Saturday, April 7, 2012

It's all about the buns.

Dave and I were back in our hotel room after a nonstop day that included leaving Shanghai for Suzhou, a city 90 minutes away, visiting the Master of the Nets Garden (a World Heritage Site!), a riverboat ride through Suzhou's old city, lunch in a filthy dirty restaurant with divine, regular-Chinese-people food, a tour of a silk factory, an acrobatics show and three hours in a car.

His reply? "The only thing we're going to remember in the end is those pork buns."

Those steamed pork buns were dang memorable. And so were the dumplings I inhaled a dozen of without regard for anyone else's interest in tasting them. This girl knows know to use chopsticks for both eating and defending her claim! Pork- and broth-filled dumplings are a Shanghai specialty. Who am I to refuse the city's best-loved dish?! We ate a lot in China.

The garden is among the best in China and it's an example of the combination of art, architecture and nature to create metaphysical masterpieces. There were a lot of rock formations in the garden and I'd never seen that before. Frankly, I didn't much care for it aesthetically. Maybe that's just how they did landscape architecture in 1140?

We enjoyed the boat ride through the canals of the old city. Here's a picture of my mother-in-law and her friend Joyce outside the city wall. I like seeing how people live (line stolen from Oprah) and this gave us some sneak peeks. Look at these mailboxes! Our guide told us that many older urban Shanghai residents, those of our parents and grandparents generations, share cooking and bathing facilities. So each family has their own apartment but without bathrooms or appliances. That's done communally.

Dave found a seriously rockin' private tour guide on Craigslist. Harris was with us the second and third days in Shanghai and without him, we would not have covered as much ground nor seen as much. In the end, though, we left our time together reminded that we are free and he is not. I'm glad we found out how he feels about North Korea at the end of our time together and not the beginning.
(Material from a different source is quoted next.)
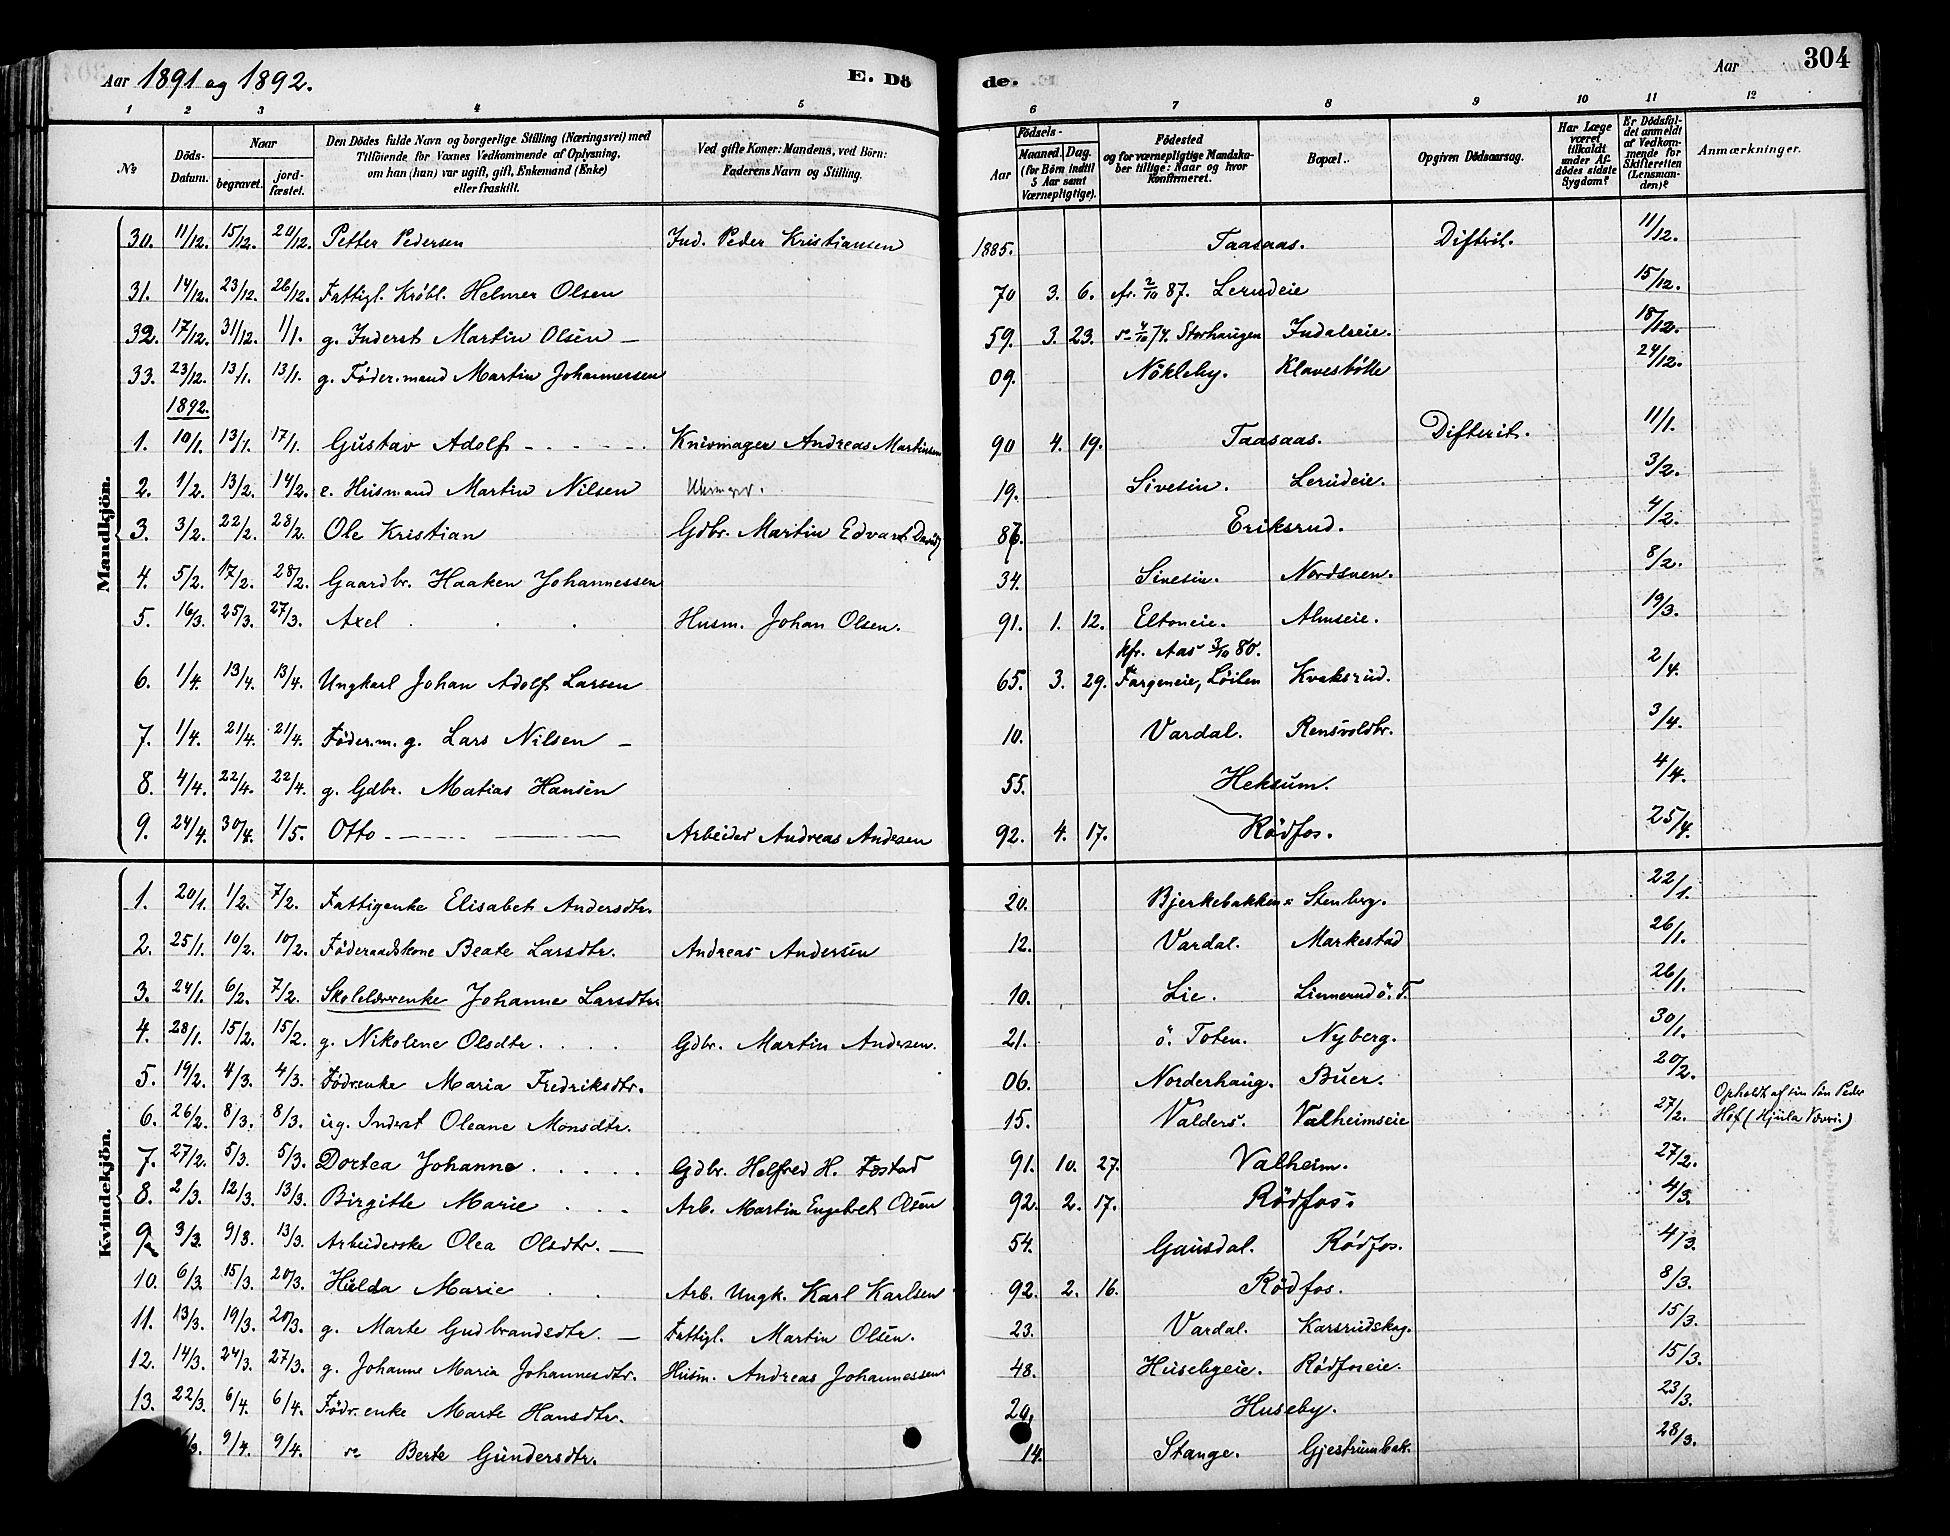 SAH, Vestre Toten prestekontor, Ministerialbok nr. 9, 1878-1894, s. 304

The silk factory tour was especially interesting given my textile fetish. The littlest Pinks did a unit on this in preschool and that's about as much as I remembered. Did you know that it takes the silk from eight silkworms to make one thread? We watched the process from worm to pupa to cocoon to dying to thread to fabric. And then we saw all the pretty things they make from silk and (surprise!) bought a duvet. I wish I'd done more shopping in China but I didn't see much I really had to have. I bought some  pearls and wish I'd bought more. Next time.

While I don't have any pictures of the acrobatics show to share, it was fascinating in a train-wreck sort of way. The performers are as young as eight. The contortionism is painful to watch. What effect will that have on those children's backs by the time they reach adulthood?

The most interesting part of the acrobatics show, and the scariest, was watching the motorcyclists in a caged sphere. One motorcycle enters it from a gate at the bottom. It drives around fast enough to do horizontal loops. Then vertical ones. Another motorcycle enters. They follow each other then do alternating loops in the cage. Then another motorcycle enters. And another. And another. Now there are five motorcycles driven by five men lacking the fear gene in this cage inches apart. And a whole audience of people holding their breath. I can't believe anyone would do this. I'm sure their mothers were no where in the audience.

Speaking of mothers, it's rare I get to spend so much time with my mother-in-law. I really enjoyed the time we had creating new memories together, and seeing her in her travel-the-world mode.

One last bit on our trip before I get back to reality: we were fortunate to meet up with a fraternity brother of Dave's and his wife on our first night. They'd just moved to Shanghai for her job and took us to a very cool restaurant on The Bund that served Yunnanese food. The enchanted decor was PF Chang's on steroids; it was dark and moody with up lights on Yunnanese stone face masks and high-backed, brightly painted chairs. The food was unlike any we'd eaten before: spicy chicken on chili and green onions, tropical vegetables, shrimp paste with string beans, fried pork (think pork rinds with more meat and flavor). It was our most memorable meal if you don't count the street food, which was better tasting but less atmospheric.


The Pinks apparently did great with my mom and I'm so grateful that she was able to help us out with them. It was a very special trip, albeit one packed with back-to-back adventures! It's a good thing that I had nearly 40 hours of in-air time to recharge.